Tea Time | Teen Ink

Tea Time

February 15, 2013
By Bug16 GOLD, Bedford, Texas
Bug16 GOLD, Bedford, Texas
17 articles 4 photos 13 comments

Favorite Quote:
If at first you do succeed, try not to look astonished.
~Anonymous

Advice for life: Don't Die


Excuse me, but what was that you just said?
You said this whole estate and all in it –
My dress, my shoes, my dog, my cur’ns, my bed –
Is built on slavery? Why now admit
To me that I have lived for others’ graves
All my childhood? And that this tea
That I am drinking is the tears of slaves
Who’ve been whipped harshly, and repeatedly?
And that it is not sugar, but the blood
That runs down their backs, that sweetens my drink?
How dare you accept from the King knighthood,
When you have nothing noble done?
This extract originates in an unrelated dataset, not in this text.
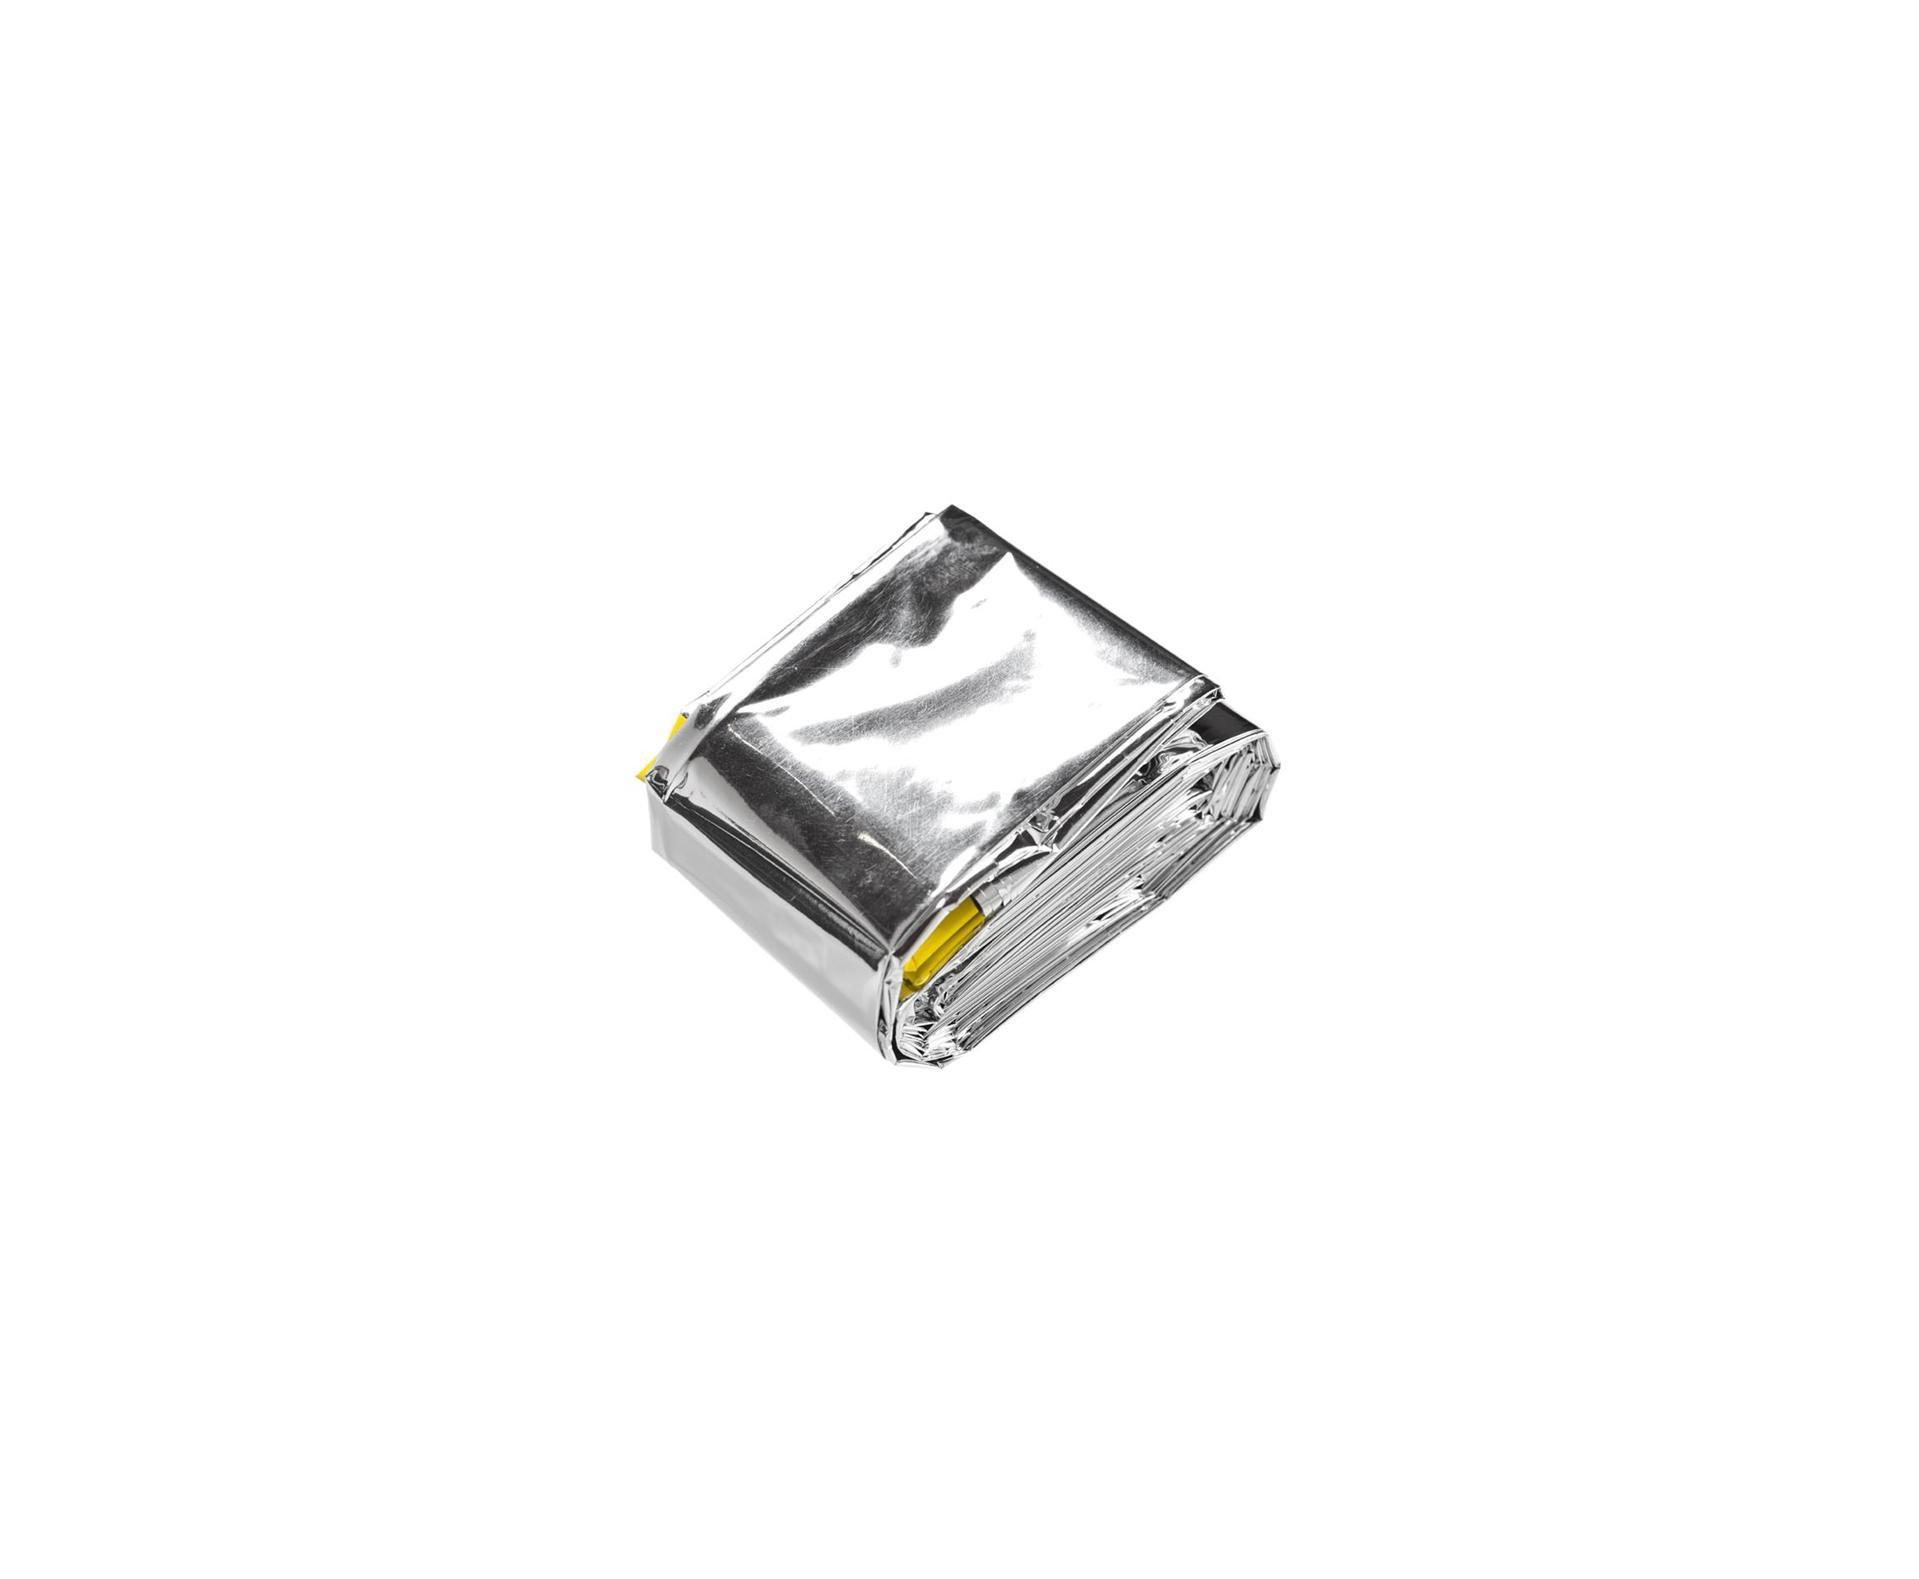 Saco De Dormir De Emergência Em Aluminio 91,5 X 213 Cm - Guepardo

To think
That you could put such a ma’ers as slaves so light,
As you have done before my own sight!

You don’t deserve t’be called a human be’ng
After what you’ve done to the people in
Jamaica. You have slaves who are fleeing
Because of you. You have committed sin.
I do not care if the walls of this place
Come tumbling down, if you free all the slaves.
I cannot bear to look upon your face
Until you are sent to your cold, hard grave.
So let the walls crumble, and fall, and crash
On top of you, for I won’t pull you out;
I’ll stand and watch as this house turns to ash.
My tea will then be of your blood, and your tears.
I’ll smile knowing that gone are the slaves’ fears.


The author's comments:
This piece was actually an assignment for my English seminar. The only guidelines were to pick a part of Elizabeth Barrett Browning's life and write a poem about it from her point of view. I chose to write about the time she is informed that all of her family's fortune comes from slavery in Jamaica.